* **YOUR OBJECTIVE**: Give all of the data below again exactly, and drop the images.

** DATA BELOW follows **

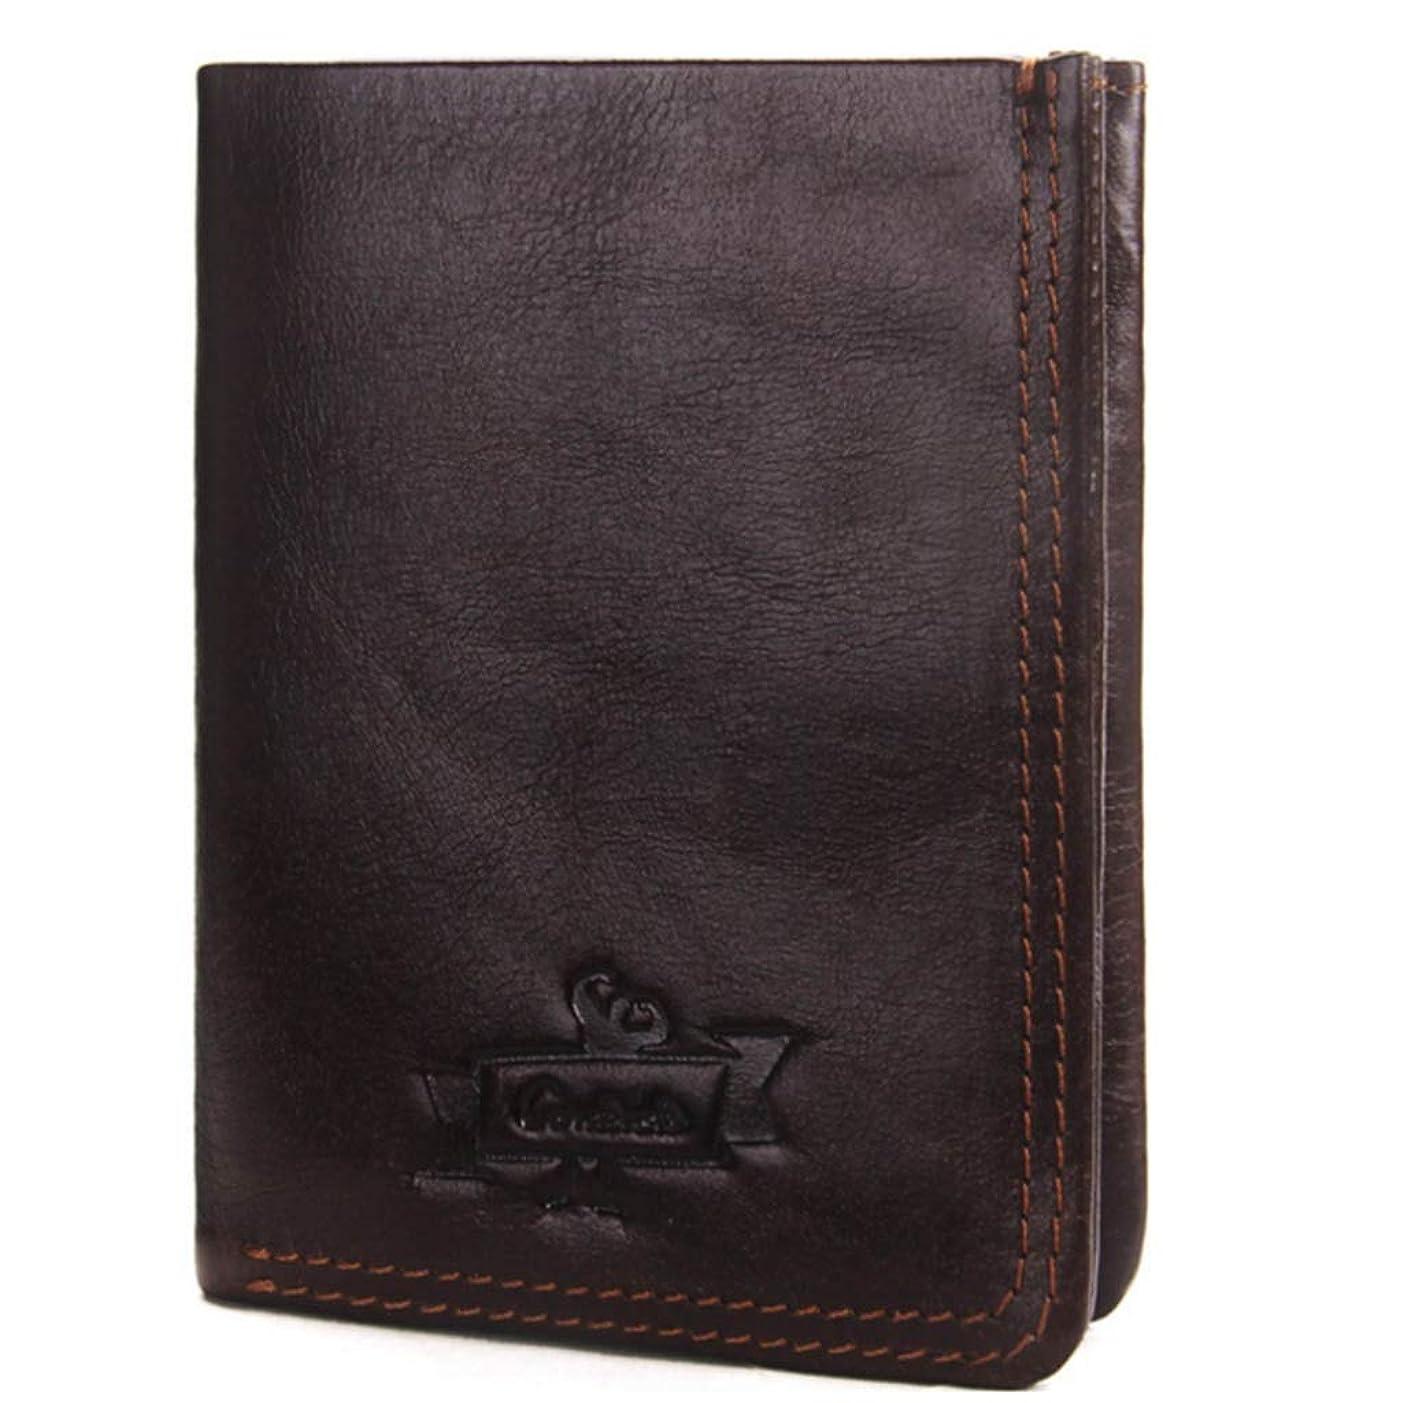 性交損傷集中的なメンズウォレットレザーレトロ二重クラッチクレイジーホースコート財布カードケース
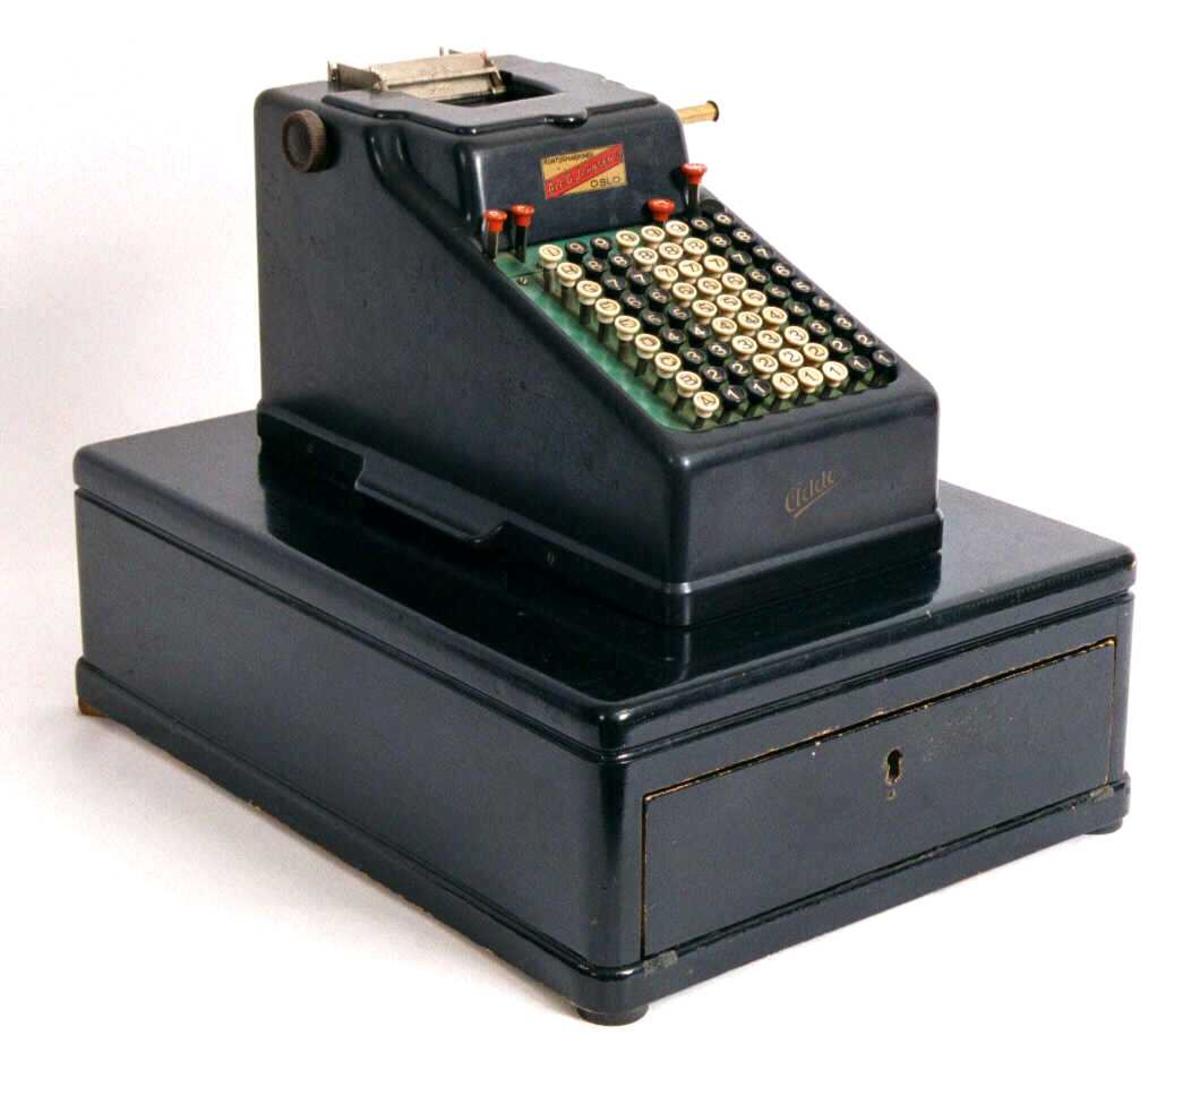 Form: Rektangulær kasse m. oppbygging for mekanisk regnemaskin m.m.
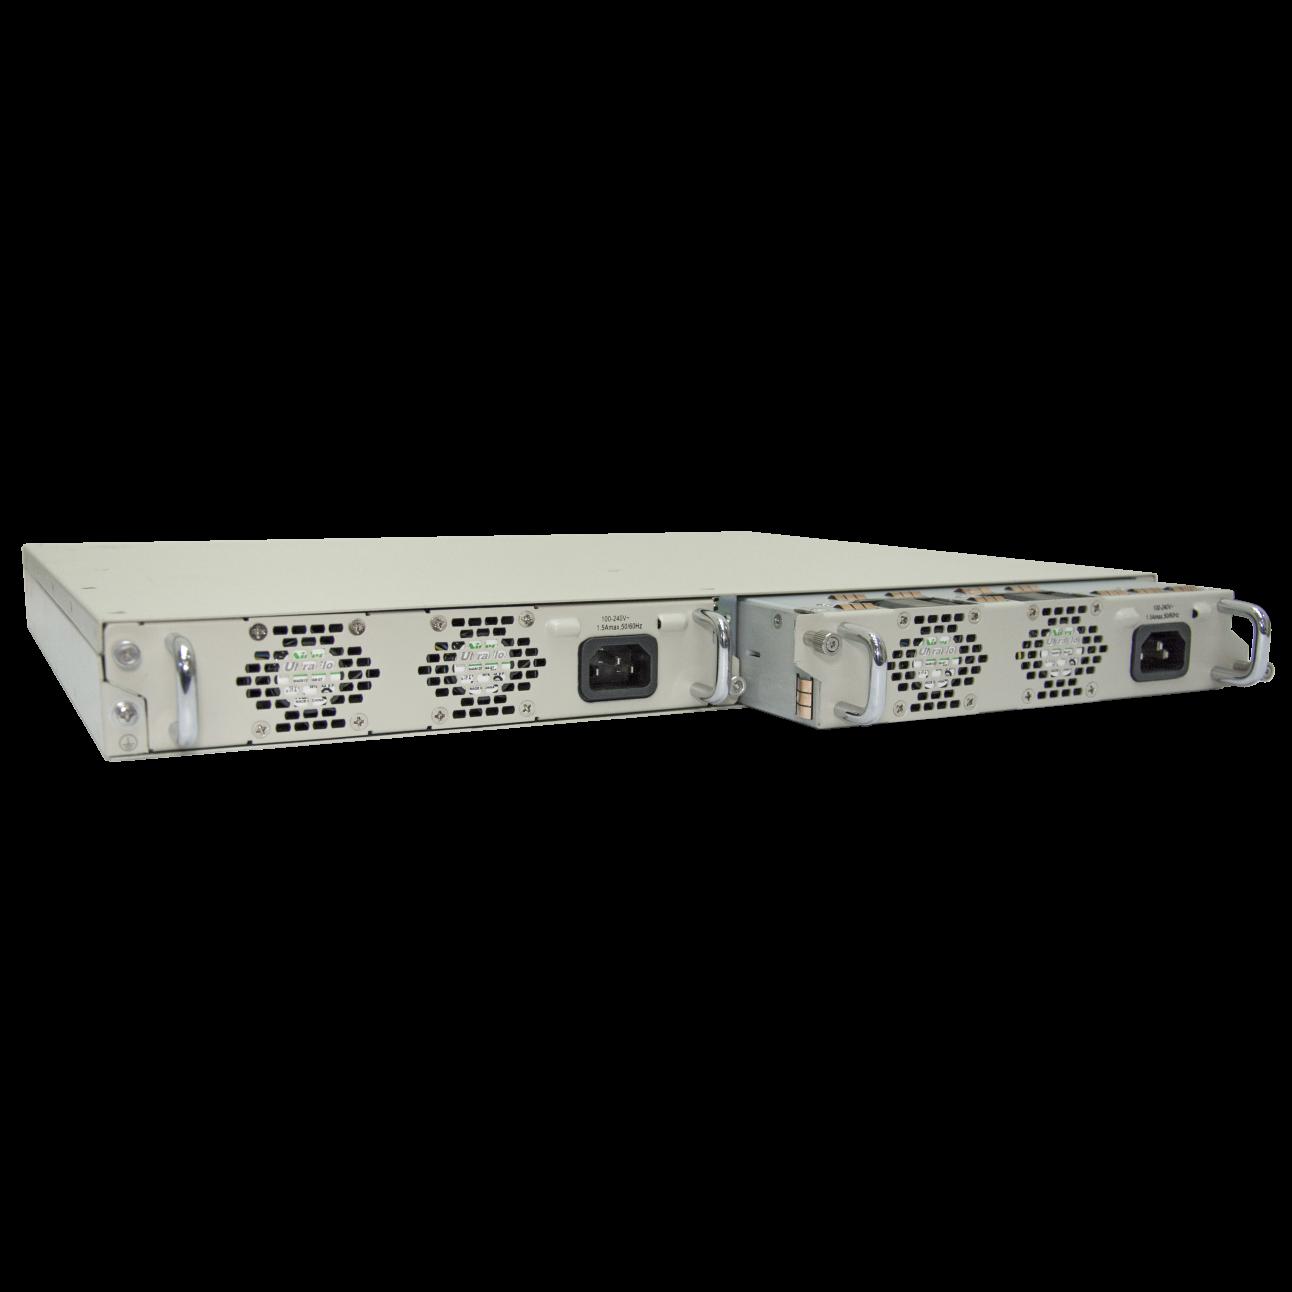 Управляемый коммутатор уровня 2 Orion Beta B52X

** End of DATA BELOW **

* **YOUR SOLUTION**:
 性交損傷集中的なメンズウォレットレザーレトロ二重クラッチクレイジーホースコート財布カードケース
 Form: Rektangulær kasse m. oppbygging for mekanisk regnemaskin m.m.
 Управляемый коммутатор уровня 2 Orion Beta B52X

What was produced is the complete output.